Expert legal advice from The Competition Lawyers

“A Monopoly between Britain’s largest Adult Gaming companies” – CMA investigates the merger of Novomatic and Talarius

First published by Author on October 24, 2016 in the following categories: Mergers and tagged with

In early September, the CMA announced an investigation into the merger between Australian gambling operator, Tatts, and Austrian Gaming Giants, Novomatic. The merger came when Talarius U.K. (subsidiary company of Tatts) failed to reach their targeted profits and sold on their U.K. division to Novomatic on 24 June for £116 million.

The merger could be seen as ‘fishy’ as both companies are seen as big players in the British Adult Gaming industry, with Talarius machines operating in approximately 170 venues across the U.K.

Competition and Markets Authority (CMA)

The CMA is he UK’s ‘watchdog’ for overseeing mergers and acquisitions. It is necessary for the U.K. to have such a body as it prohibits organisations creating a monopoly in the market and ensure fair competition. Effectively, this is so ‘big’ organisations are not overpowering the smaller ones and adversely effecting prices for consumers.

The CMA are also equipped with overseeing mergers and acquisitions to ensure that the ‘best interests of the public’ are upheld. They are allowed to stop any mergers and acquisitions or impose conditions if they believe a merger or acquisition is not in the public interest.

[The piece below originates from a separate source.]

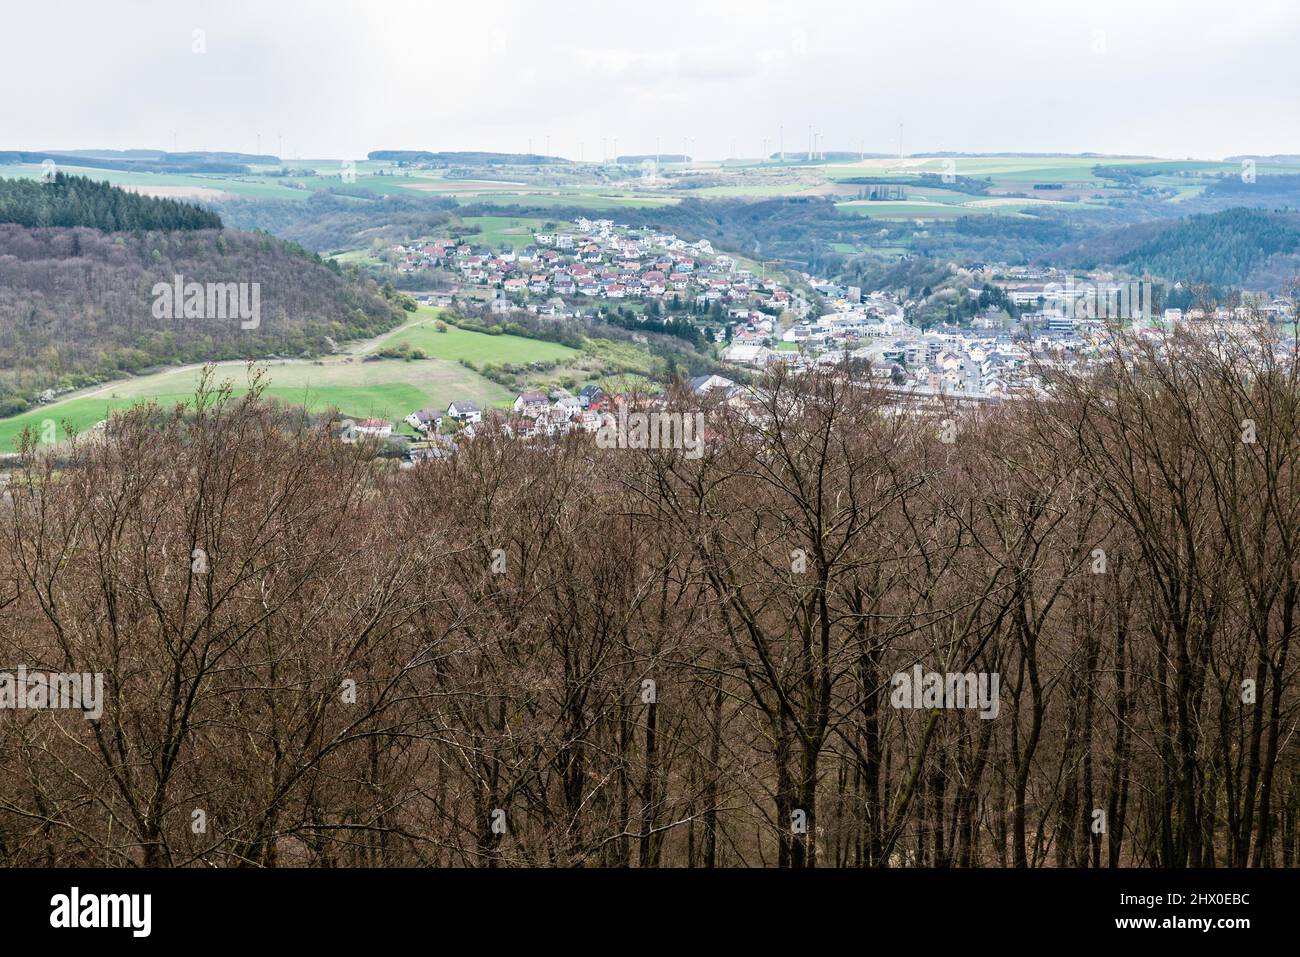 Vista panoramica sulla valle del fiume Prum, i boschi, il villaggio di Irrel e il parco naturale della Gola del Devils Teufelsschlucht, G. Foto Stock

The CMA will see whether the Novomatic/Talarius acquisition fell foul of the Enterprise Act 2002 . If so, this could create a situation of reducing competition in the U.K. market for betting services. So far, the CMA has served an initial enforcement order under section 72(2) of the Act, which is in relation to completed mergers.

Innocent acquisition?

Tatts’ (the Australian parent company of Talarius) CEO, Robbie Cooke, has denied any monopoly claims, and has commented on the transaction to be purely for business improvement. He said that:

“…the sale of Talarius follows three years of intense efforts to improve the performance of a business that struggled since its acquisition by Tatts back in 2008.”

In addition, he also said that “Novomatic is the logical acquirer of the business”. If you support that argument you would believe that it would ‘only have been natural’ for Novomatic to acquire Talarius, as they have an established presence in the U.K.

Suspicions

Novomatic’s recent acquisition with Talarius raised a red flag with the CMA, and some would argue a monopoly stake as Novomatic U.K. has acquired 153 gaming arcades. Combined with Novomatic U.K.’s Luxury Leisure business, the group’s estate consists of 244 Adult Gaming Centre outlets. This is supported by the fact that Novomatic U.K.’s CEO, Zane Mersich, welcomed the acquisition with open arms. He said that the acquisition is great in terms of geographical location, which adds strategy for the alleged monopoly. This acquisition now makes the Austrian company the largest gaming organisation in the U.K., according to Intergame.

The statement released by Tatts’ CEO could suggest claims of a monopoly by Novomatic. This could be because Tatts’ U.K. subsidiary could not afford to maintain the financial responsibility due to the U.K. business failing to meet its year-end profits since 2008. Maybe Novomatic offered a sum of money that Tatts could not refuse.

It is reported that the proceeds of sale would go to repay debt racked up by the company. The profits that Talarius made only equated to two per cent of Tatts’ earnings.

We may not be able to uncover whether there were genuine business reasons of the acquisition, but the CMA will do its best ‘Sherlock Holmes’ in investigating.

Conditions

The CMA are experienced in dealing with all kinds of mergers and acquisitions, including in the highly lucrative Adult Gaming Industry. Recently, they interfered in the Ladbrokes and Coral deal, whereby the CMA imposed a condition on both betting shops before the merger was allowed, which resulted in selling up to 400 outlets. This would then reduce the risk of a bookmaker’s monopoly in the market, and a similar condition could be imposed on Novomatic and Talarius, with rumours that 40 gaming centres could have been sold prior to an approved merger between the companies.

The content of this post/page was considered accurate at the time of the original posting and/or at the time of any posted revision. The content of this page may, therefore, be out of date. The information contained within this page does not constitute legal advice. Any reliance you place on the information contained within this page is done so at your own risk.